2020-06-08 19:21:02,076 INFO org.apache.flink.runtime.blob.BlobServer - Stopped BLOB server at 0.0.0.0:37633
2020-06-08 19:21:02,077 INFO org.apache.flink.runtime.rpc.akka.AkkaRpcService - Stopping Akka RPC service.
2020-06-08 19:21:02,082 INFO org.apache.flink.runtime.rpc.akka.AkkaRpcService - Stopping Akka RPC service.
2020-06-08 19:21:02,087 INFO akka.remote.RemoteActorRefProvider$RemotingTerminator - Shutting down remote daemon.
2020-06-08 19:21:02,088 INFO akka.remote.RemoteActorRefProvider$RemotingTerminator - Remote daemon shut down; proceeding with flushing remote transports.
2020-06-08 19:21:02,095 INFO akka.remote.RemoteActorRefProvider$RemotingTerminator - Shutting down remote daemon.
2020-06-08 19:21:02,095 INFO akka.remote.RemoteActorRefProvider$RemotingTerminator - Remote daemon shut down; proceeding with flushing remote transports.
2020-06-08 19:21:02,110 INFO akka.remote.RemoteActorRefProvider$RemotingTerminator - Remoting shut down.
2020-06-08 19:21:02,110 INFO akka.remote.RemoteActorRefProvider$RemotingTerminator - Remoting shut down.
2020-06-08 19:21:02,130 INFO org.apache.flink.runtime.rpc.akka.AkkaRpcService - Stopped Akka RPC service.
2020-06-08 19:21:02,131 INFO org.apache.flink.runtime.rpc.akka.AkkaRpcService - Stopped Akka RPC service.
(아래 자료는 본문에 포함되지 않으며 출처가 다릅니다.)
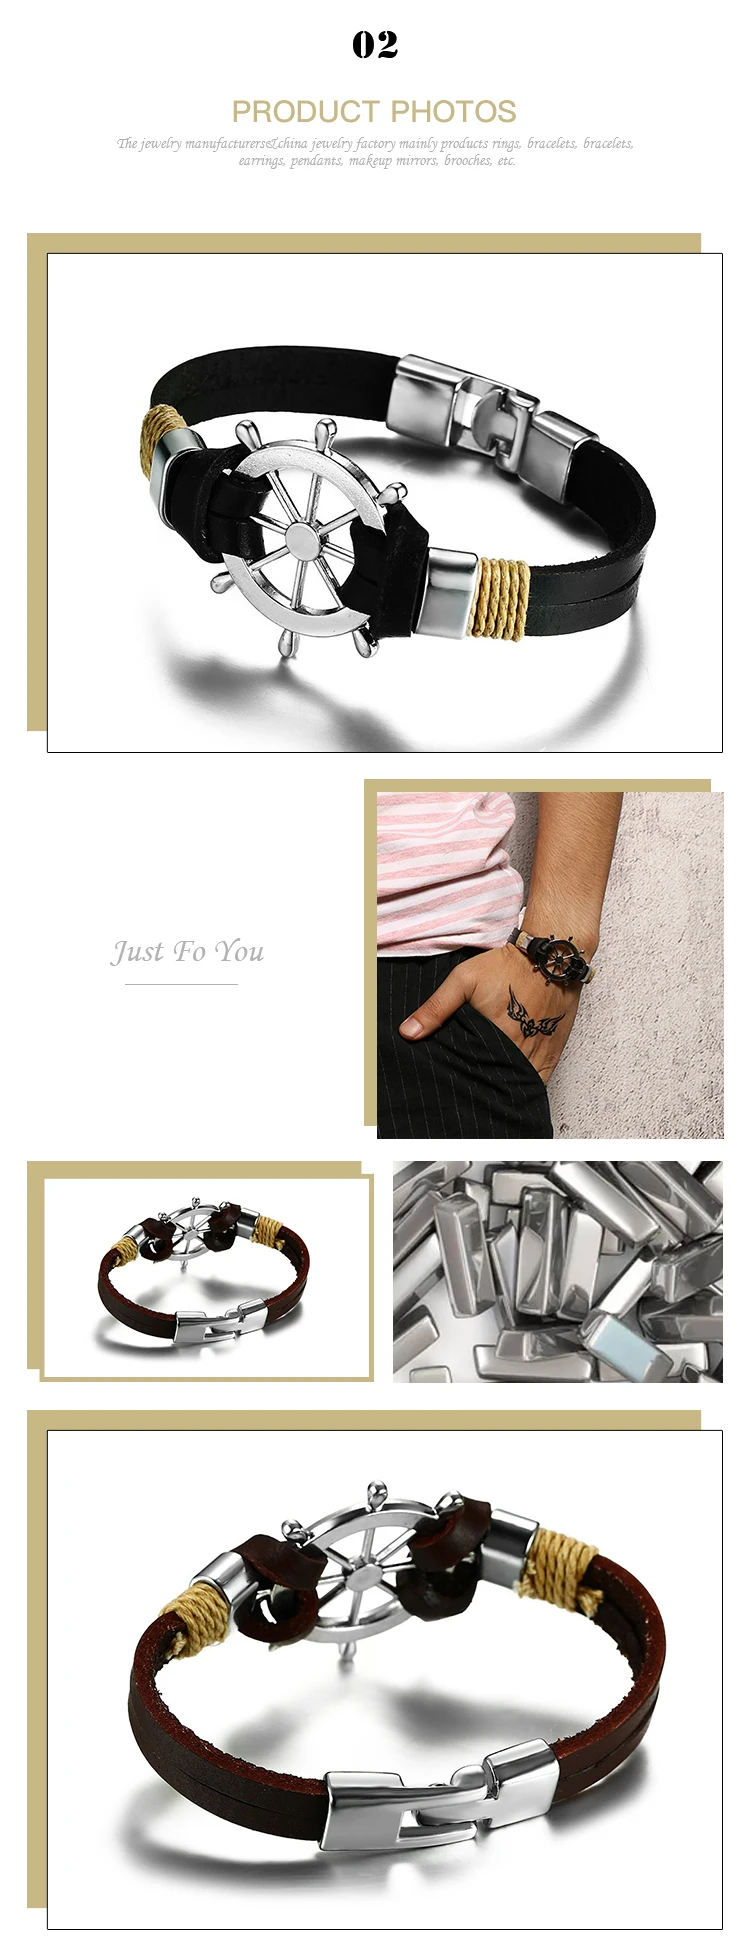 Cross-border e-commerce jewelry alloy ship helmsman rope black brown men's trendy bracelet wholesale BL289
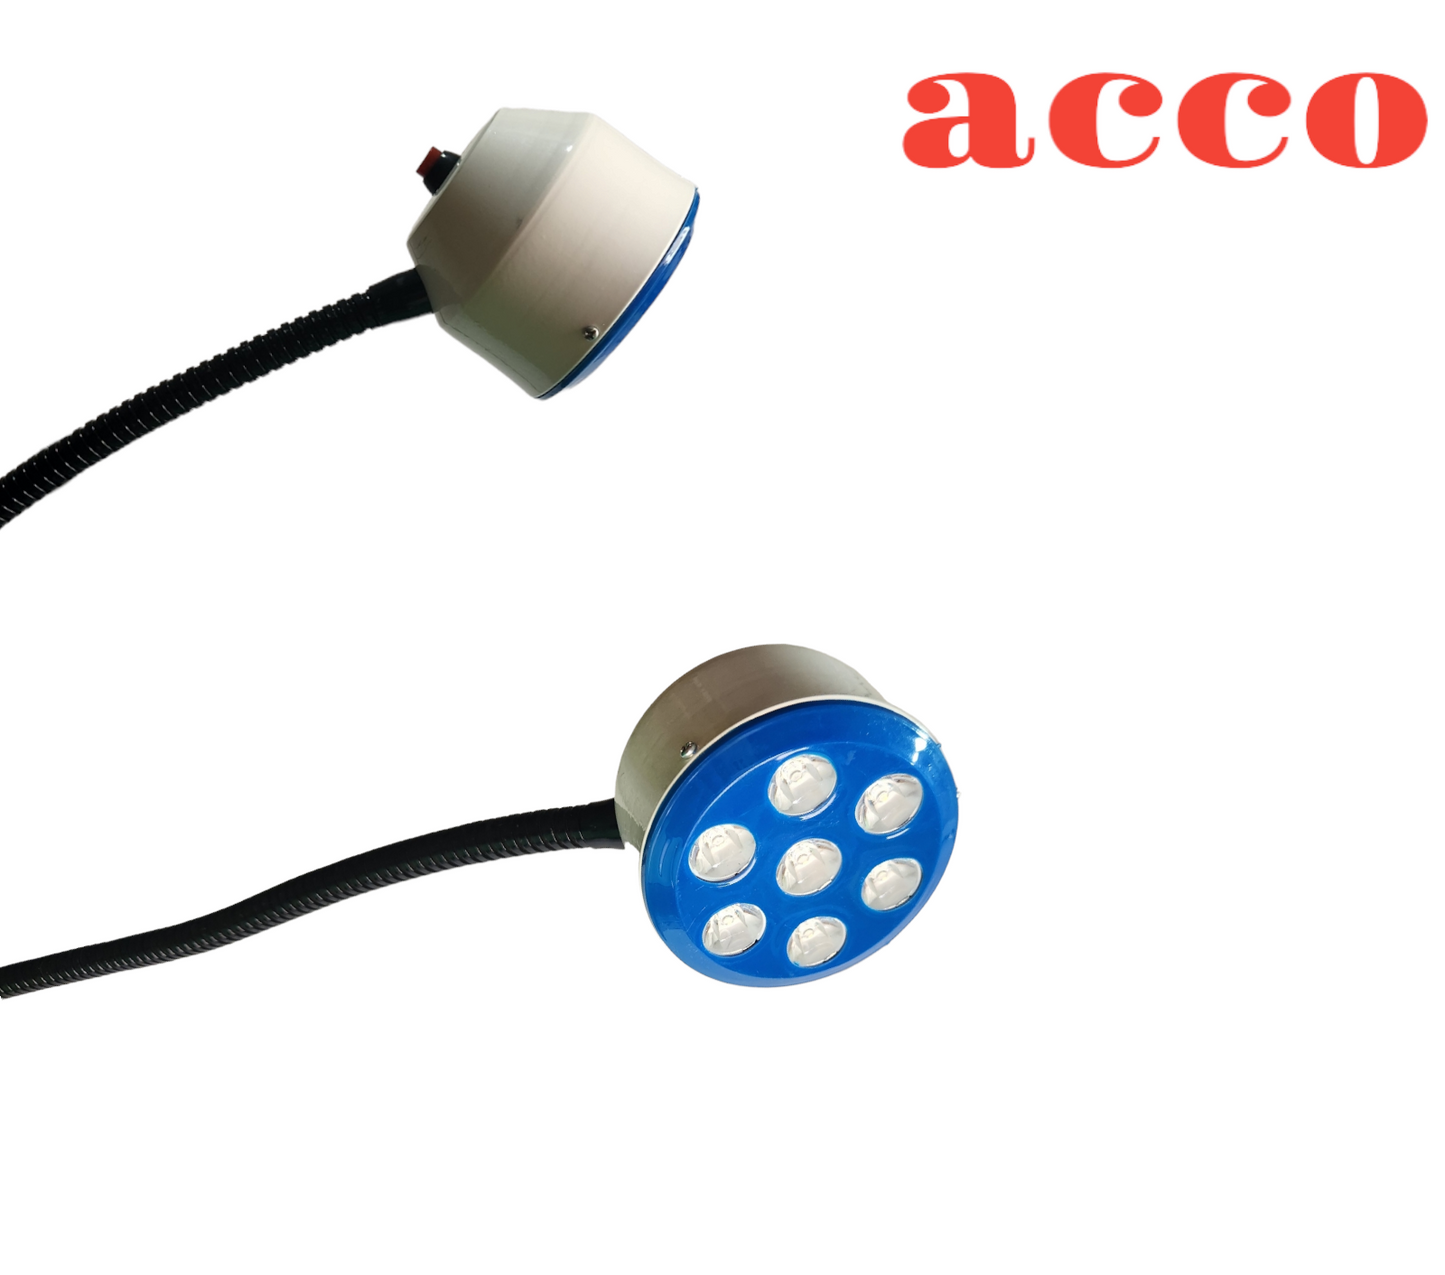 acco Examination OT Light with 7 Led Mobile

2020-06-08 19:21:02,132 ERROR org.apache.flink.runtime.entrypoint.ClusterEntrypoint - Could not start cluster entrypoint YarnJobClusterEntrypoint.
org.apache.flink.runtime.entrypoint.ClusterEntrypointException: Failed to initialize the cluster entrypoint YarnJobClusterEntrypoint.
at org.apache.flink.runtime.entrypoint.ClusterEntrypoint.startCluster(ClusterEntrypoint.java:187)
at org.apache.flink.runtime.entrypoint.ClusterEntrypoint.runClusterEntrypoint(ClusterEntrypoint.java:518)
at org.apache.flink.yarn.entrypoint.YarnJobClusterEntrypoint.main(YarnJobClusterEntrypoint.java:119)
Caused by: org.apache.flink.util.FlinkException: Could not create the DispatcherResourceManagerComponent.
at org.apache.flink.runtime.entrypoint.component.DefaultDispatcherResourceManagerComponentFactory.create(DefaultDispatcherResourceManagerComponentFactory.java:261)
at org.apache.flink.runtime.entrypoint.ClusterEntrypoint.runCluster(ClusterEntrypoint.java:215)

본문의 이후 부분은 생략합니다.